Marco Rubio Delves Deep Into His Position On The Syrian War


Sen. Marco Rubio speaks with FNC's Chris Wallace about his position on the war in Syria, explaining where he has differed and where he has agreed with Senator Paul since 2013 when President Obama ignored his own 'red line.'


SEN. MARCO RUBIO: We need a ground force that defeats ISIS, and it should made up primarily of Arab Sunnis. That’s the only way you’re going to defeat them. They have to be defeated by Arab Sunnis themselves. So, they’re going to be the bulk of the ground force.

There will have to be American operators embedded alongside them. Special operators are combat troops. This is not a return to Iraq. We're not talking about 100,000 people or 50,000 armed soldiers.

But we are talking about a significant force with special operators and others with specific missions that will have to be embedded alongside that Sunni Arab coalition that this president and the United States must put together if we are to defeat ISIS on the ground. It's the only way to do it. They have to be defeated by a ground force and have to be made up primarily of Sunnis.

CHRIS WALLACE, FNC: You are clearly one of the foreign policy hawks in the current GOP field. But some of your opponents note that back in 2013, when Bashar al Assad, the Syrian dictator, used chemical weapons -- crossed the red line and used chemical weapons against his own people, that you voted against the use of force allowing President Obama to use force against Assad.

Why is that, sir?

RUBIO: Well, first of all, I don't support air strikes again Assad now. No one is calling for those now either.

I thought: number one, it would be counterproductive, especially the way the president was describing what the strikes should be. We shouldn’t take symbolic military action or military action to send a message. You should only take military action if you have a very clear objective and you’re providing the resources necessary to win.

The second is, I offered an alternative to airstrikes at the time. I very clearly outlined what we should be doing instead. It included increased sanctions on institutions that were propping up Assad, but it also included a more robust effort to identify non-radical Sunni elements within Syria that we could empower to topple Assad, but also to ensure that no vacuums were being created for groups like ISIS and Jabhat al-Nusra and others to take hold.

I felt that airstrikes -- and I still do -- against Assad at the time would have been counterproductive. He would have survived. He would have remained in power and it would have strengthened his hand and allowed him to send the message to the world that he had taken on the United States and still held on. In fact, it may have rallied some in the Arab world to his side as a result of such a strike.

So, those are the reasons why I thought that that should not have been the appropriate response at the time. If military response is the appropriate response, I will support it. In the case of ISIS, it is the appropriate response to have additional airstrikes.

But no one is calling on airstrikes on Assad now, and I thought it was wrong then, too.

WALLACE: And some question the fact that is in voting against authorizing force you were voting along with Rand Paul, who you now call a committed isolationist.

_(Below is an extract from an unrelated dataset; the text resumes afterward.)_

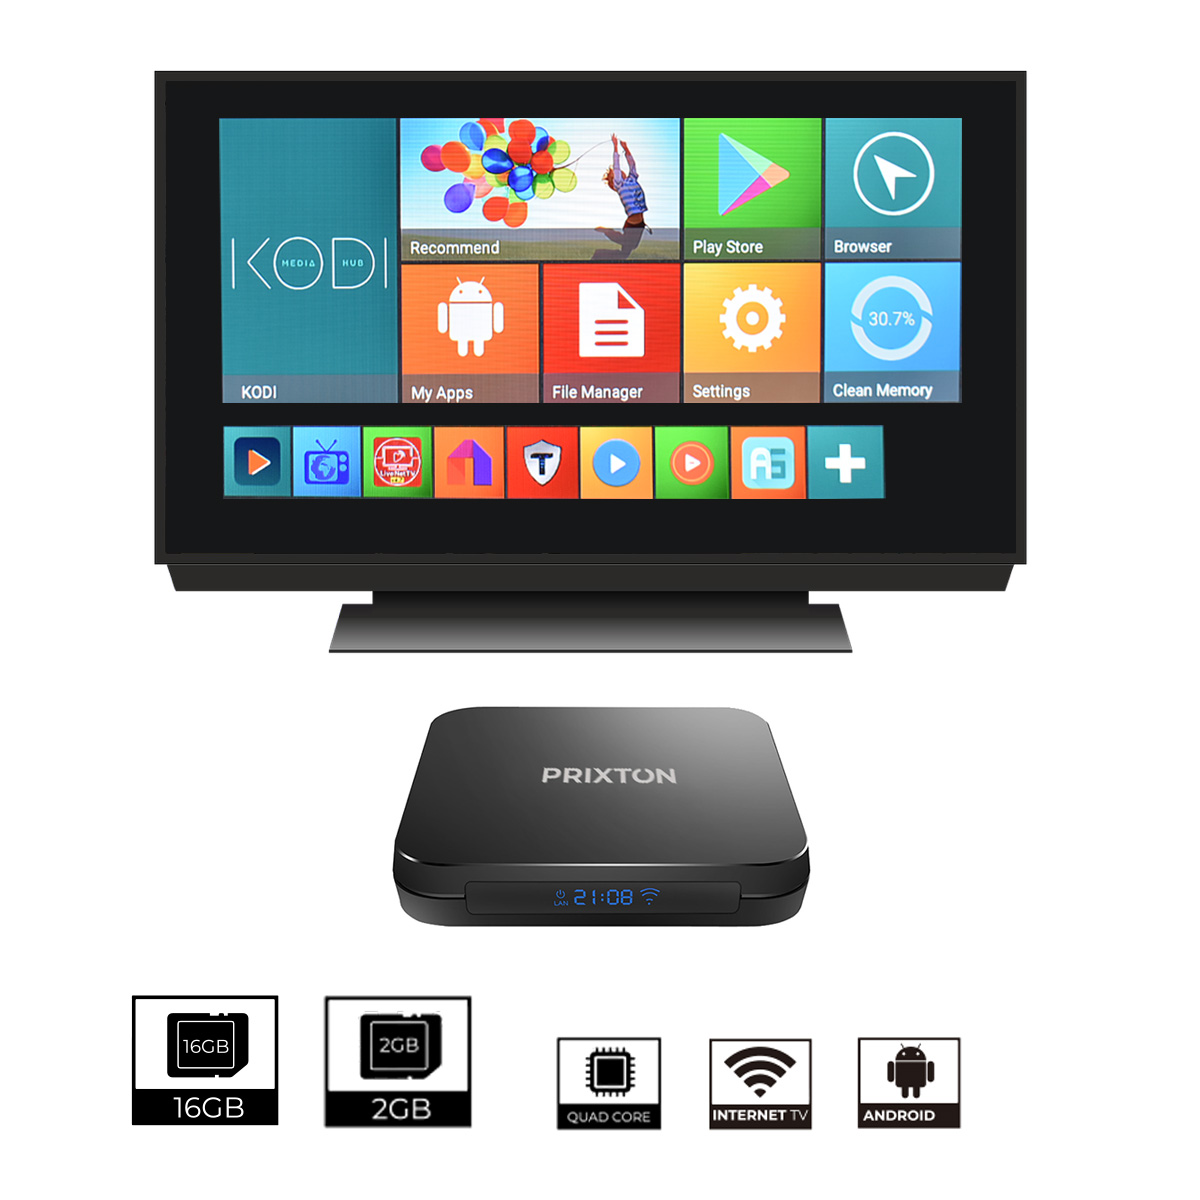 PRIXTON SMART TV BOX 10005176 PRIXTON - oferta: 44,83

RUBIO: Well, but for very different reasons. Senator Paul didn’t want us not just not to conduct airstrikes. He didn't want us to do anything involving our conflict.

I argued that the red line being crossed should have meant the U.S. should have openly and actively engaged in identifying non-jihadist elements on the ground in Syria that were trying to topple Assad and empower them, to not just to topple Assad, but to be able to govern the country in its aftermath.

I thought that should have been the response even before the president laid out the red line. And I thought that once he used chemical weapons, that for sure would have triggered that sort of response. And the result is not only that Assad is still in power, but now, Russia has moved into the region and these radical jihadist groups have taken the advantage of the vacuum that was left behind.

So, it is true that we had the same vote, but for very different reasons. And, in fact, I called for us to do other things instead, and Senator Paul and others said for us not to do anything at all. And I thought that was a terrible mistake. We've seen what the result of that has been.


Rubio on the Syrian refugees:

RUBIO: No, my argument is that we can't allow anyone into this country that we can’t vet. And I believe that the vast majority of refugees that are trying to come here are people we will not be able to vet.

Does commonsense still apply? Of course, it does. A 5-year-old orphan, a 90-year-old widow, and well-known Chaldean priest, these are obviously commonsense applications, and you can clearly vet them just by commonsense. But what about someone who doesn’t fit that profile? There is no reliable database that we can rely on. There is no existing government institution in their home country that we can call up and run them against.